Changing precipitation exerts greater influence on soil heterotrophic than autotrophic respiration in a semiarid steppe

Future precipitation change is anticipated to have a profound influence on ecosystem carbon (C) cycling, especially soil respiration, the largest C flux from the terrestrial ecosystem to the atmosphere. Due to different substrate sources and biological processes, the heterotrophic (SR _h ) and autotrophic (SR _a ) components of soil respiration (SR _tot ) may respond to changing precipitation in different ways. Determining the differential responses of SR _h and SR _a to precipitation will facilitate our evaluation of soil C storage and stability under future precipitation change. Here, a 3-year precipitation manipulation experiment with 5 levels of precipitation (±60%, ±30% and ambient growing season precipitation) was conducted in a semiarid steppe to determine the influence of precipitation on soil respiration. Results showed that SR _tot increased nonlinearly with increasing water supply, in which, SR _h increased much more than SR _a . Consequently, the ratio of SR _h to SR _tot was enhanced significantly with increasing precipitation, i.e., from 41% to 62% as precipitation increased from 122 mm to 408 mm. Structural equation modeling analysis indicated that changes in SR _h and SR _a were predominated by the soil water content (SWC) and plant growth, respectively.

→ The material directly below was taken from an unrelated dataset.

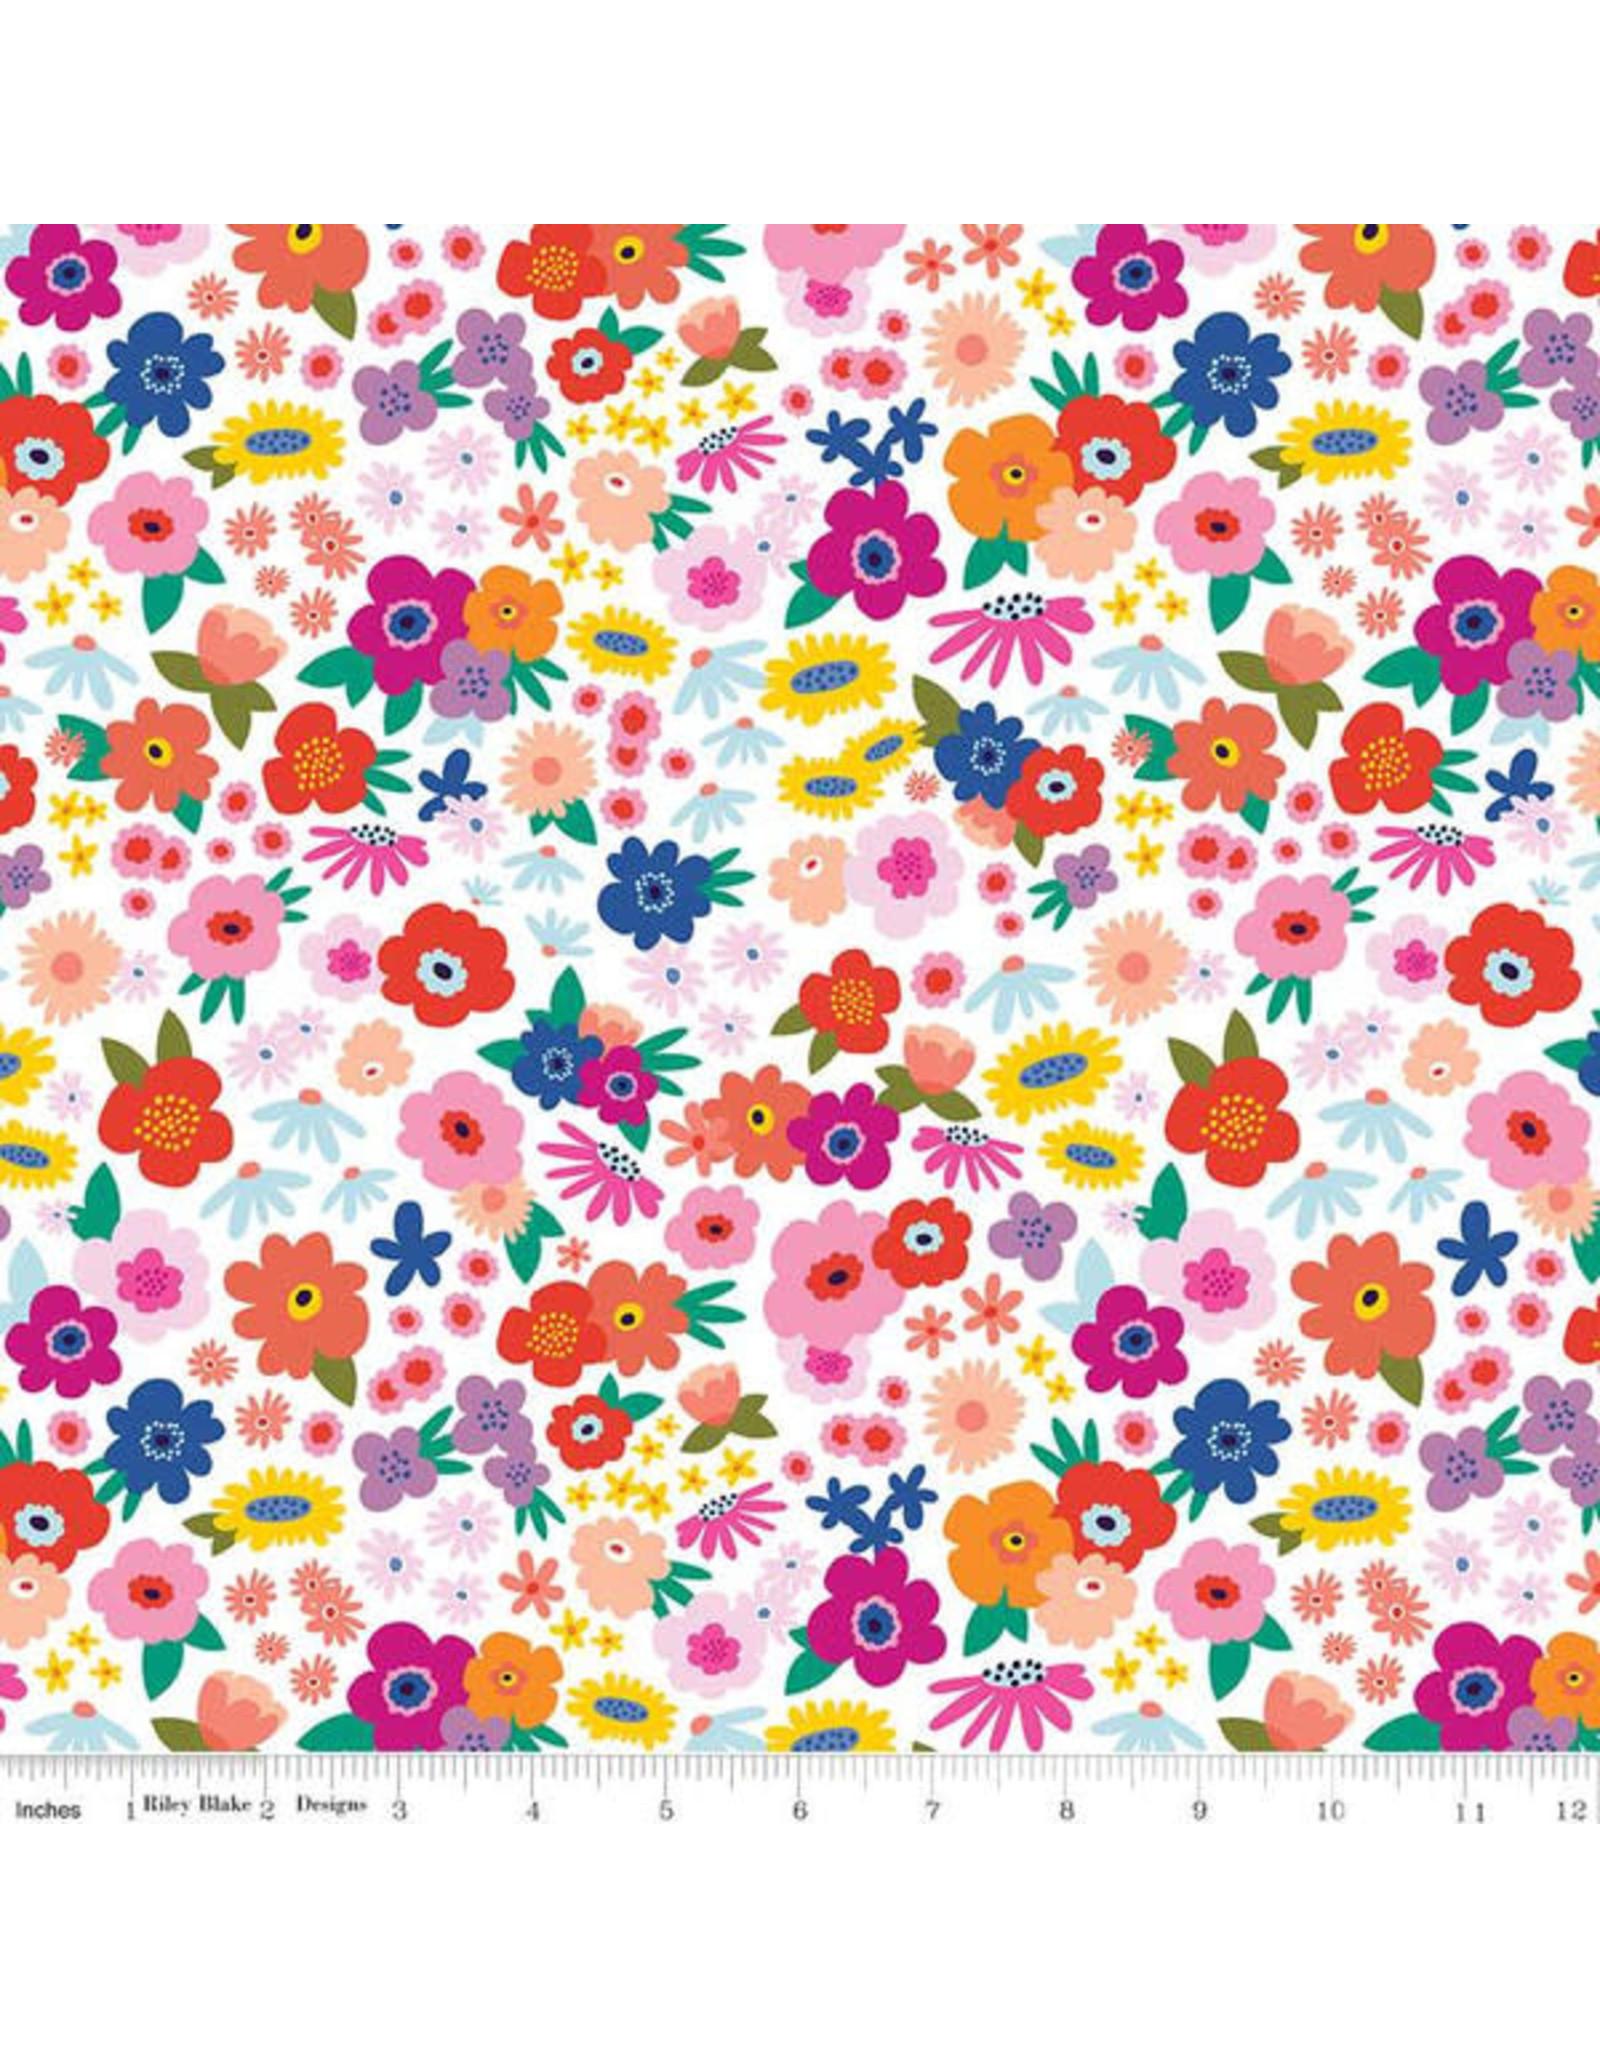 Riley Blake Designs GRL PWR - Bloom Babe White

The stronger effects exerted by changes in precipitation on SWC compared with plant growth contributed to the greater change in SR _h than in SR _a . Additionally, SR _a exhibited a higher temperature sensitivity than SR _h . Thus, the increased soil temperature in the drought treatments had greater influence on SR _a than SR _h , and greatly offset the influence of drought stress on SR _a , leading to the smaller change in SR _a compared with SR _h . Our study highlights the different responses of the two soil respiration components to changing precipitation. These results indicate that future increases in precipitation in semiarid regions will increase soil heterotrophic respiration which may accelerate the turnover of soil C, and further affect the stability of soil C stock.